#### INSTRUCTIONS TO FOLLOW
Gather from the listing below each line that includes the word "Stock", and copy it.

#### GIVEN DATA
•••••

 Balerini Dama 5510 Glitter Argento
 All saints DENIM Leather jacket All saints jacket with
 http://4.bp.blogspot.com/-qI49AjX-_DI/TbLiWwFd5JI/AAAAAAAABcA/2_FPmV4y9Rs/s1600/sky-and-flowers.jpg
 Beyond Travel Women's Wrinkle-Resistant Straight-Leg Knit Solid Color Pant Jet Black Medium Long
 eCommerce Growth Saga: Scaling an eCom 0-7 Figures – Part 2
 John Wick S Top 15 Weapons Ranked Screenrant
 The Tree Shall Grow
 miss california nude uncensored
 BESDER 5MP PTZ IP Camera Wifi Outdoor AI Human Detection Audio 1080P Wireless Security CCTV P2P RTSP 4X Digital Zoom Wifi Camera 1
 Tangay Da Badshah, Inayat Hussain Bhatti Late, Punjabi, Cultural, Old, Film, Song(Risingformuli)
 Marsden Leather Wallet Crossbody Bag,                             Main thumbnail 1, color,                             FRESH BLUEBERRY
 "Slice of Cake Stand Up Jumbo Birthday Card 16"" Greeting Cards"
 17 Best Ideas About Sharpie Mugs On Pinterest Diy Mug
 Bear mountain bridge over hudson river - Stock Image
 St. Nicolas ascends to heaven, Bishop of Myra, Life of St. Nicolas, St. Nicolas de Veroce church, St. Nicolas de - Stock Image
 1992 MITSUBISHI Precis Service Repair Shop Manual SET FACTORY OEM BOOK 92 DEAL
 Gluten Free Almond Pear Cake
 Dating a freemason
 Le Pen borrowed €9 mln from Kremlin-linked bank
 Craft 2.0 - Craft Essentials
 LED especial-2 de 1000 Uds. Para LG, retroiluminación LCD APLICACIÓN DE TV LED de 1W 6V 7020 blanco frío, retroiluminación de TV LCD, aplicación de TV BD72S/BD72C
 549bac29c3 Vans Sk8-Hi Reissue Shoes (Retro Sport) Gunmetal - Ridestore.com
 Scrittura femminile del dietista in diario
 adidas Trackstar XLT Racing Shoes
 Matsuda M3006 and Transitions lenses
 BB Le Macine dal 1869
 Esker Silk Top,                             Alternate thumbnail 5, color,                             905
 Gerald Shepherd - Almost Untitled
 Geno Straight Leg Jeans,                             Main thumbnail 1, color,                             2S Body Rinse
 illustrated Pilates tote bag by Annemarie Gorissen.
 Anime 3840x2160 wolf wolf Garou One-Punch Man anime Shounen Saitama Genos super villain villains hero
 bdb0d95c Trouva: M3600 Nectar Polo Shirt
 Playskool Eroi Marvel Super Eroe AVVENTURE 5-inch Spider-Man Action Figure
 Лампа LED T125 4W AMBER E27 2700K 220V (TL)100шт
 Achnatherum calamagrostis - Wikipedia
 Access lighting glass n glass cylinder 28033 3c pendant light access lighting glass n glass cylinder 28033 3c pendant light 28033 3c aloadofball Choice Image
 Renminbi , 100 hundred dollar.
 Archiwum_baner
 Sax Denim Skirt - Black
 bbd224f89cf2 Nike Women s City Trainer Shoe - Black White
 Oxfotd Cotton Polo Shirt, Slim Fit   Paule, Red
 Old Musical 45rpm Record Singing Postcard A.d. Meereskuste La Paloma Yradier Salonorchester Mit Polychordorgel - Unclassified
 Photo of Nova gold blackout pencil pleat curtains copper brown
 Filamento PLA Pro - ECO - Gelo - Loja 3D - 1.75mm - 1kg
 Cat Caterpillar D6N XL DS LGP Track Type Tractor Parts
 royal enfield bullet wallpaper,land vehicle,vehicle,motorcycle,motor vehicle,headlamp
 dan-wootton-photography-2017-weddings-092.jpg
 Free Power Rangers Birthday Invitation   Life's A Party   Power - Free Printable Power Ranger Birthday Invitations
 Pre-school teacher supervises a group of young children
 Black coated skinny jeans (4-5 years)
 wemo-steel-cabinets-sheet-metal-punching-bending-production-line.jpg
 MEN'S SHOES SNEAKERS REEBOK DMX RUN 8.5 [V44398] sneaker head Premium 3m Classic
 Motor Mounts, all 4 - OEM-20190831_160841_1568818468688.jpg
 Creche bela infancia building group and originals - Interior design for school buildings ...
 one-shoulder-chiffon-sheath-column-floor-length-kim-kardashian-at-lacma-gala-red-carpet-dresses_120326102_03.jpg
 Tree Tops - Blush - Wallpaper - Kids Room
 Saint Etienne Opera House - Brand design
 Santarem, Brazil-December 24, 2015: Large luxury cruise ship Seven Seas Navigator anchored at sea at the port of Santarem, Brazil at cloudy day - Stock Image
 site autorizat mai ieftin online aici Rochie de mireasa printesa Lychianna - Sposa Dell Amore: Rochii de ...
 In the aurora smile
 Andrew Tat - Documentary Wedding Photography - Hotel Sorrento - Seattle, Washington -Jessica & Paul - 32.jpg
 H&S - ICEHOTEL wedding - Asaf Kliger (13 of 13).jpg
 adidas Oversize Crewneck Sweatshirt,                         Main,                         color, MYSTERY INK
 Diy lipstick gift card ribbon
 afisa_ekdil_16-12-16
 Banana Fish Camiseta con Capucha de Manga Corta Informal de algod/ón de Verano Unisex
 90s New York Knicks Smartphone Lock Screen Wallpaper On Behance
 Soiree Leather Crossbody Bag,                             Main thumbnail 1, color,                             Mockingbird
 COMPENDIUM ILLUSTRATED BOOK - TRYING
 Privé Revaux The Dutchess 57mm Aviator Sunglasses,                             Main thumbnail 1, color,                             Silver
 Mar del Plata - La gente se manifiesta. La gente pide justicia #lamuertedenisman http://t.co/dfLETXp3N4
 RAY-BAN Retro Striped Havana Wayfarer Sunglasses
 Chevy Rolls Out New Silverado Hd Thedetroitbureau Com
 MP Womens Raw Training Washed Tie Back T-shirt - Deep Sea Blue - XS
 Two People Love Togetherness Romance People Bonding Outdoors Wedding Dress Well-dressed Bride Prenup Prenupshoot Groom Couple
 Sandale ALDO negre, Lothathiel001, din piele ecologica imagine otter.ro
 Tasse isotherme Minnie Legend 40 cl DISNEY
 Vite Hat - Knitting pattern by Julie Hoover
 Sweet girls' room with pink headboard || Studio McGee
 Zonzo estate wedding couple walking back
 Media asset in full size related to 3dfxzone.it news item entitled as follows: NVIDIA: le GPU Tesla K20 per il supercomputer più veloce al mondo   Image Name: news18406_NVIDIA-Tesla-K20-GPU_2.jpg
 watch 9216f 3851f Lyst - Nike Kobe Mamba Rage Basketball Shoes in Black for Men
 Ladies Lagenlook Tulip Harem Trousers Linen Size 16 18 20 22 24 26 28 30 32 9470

•••••

#### SOLUTION TO THIS PROBLEM
 Bear mountain bridge over hudson river - Stock Image
 St. Nicolas ascends to heaven, Bishop of Myra, Life of St. Nicolas, St. Nicolas de Veroce church, St. Nicolas de - Stock Image
 Santarem, Brazil-December 24, 2015: Large luxury cruise ship Seven Seas Navigator anchored at sea at the port of Santarem, Brazil at cloudy day - Stock Image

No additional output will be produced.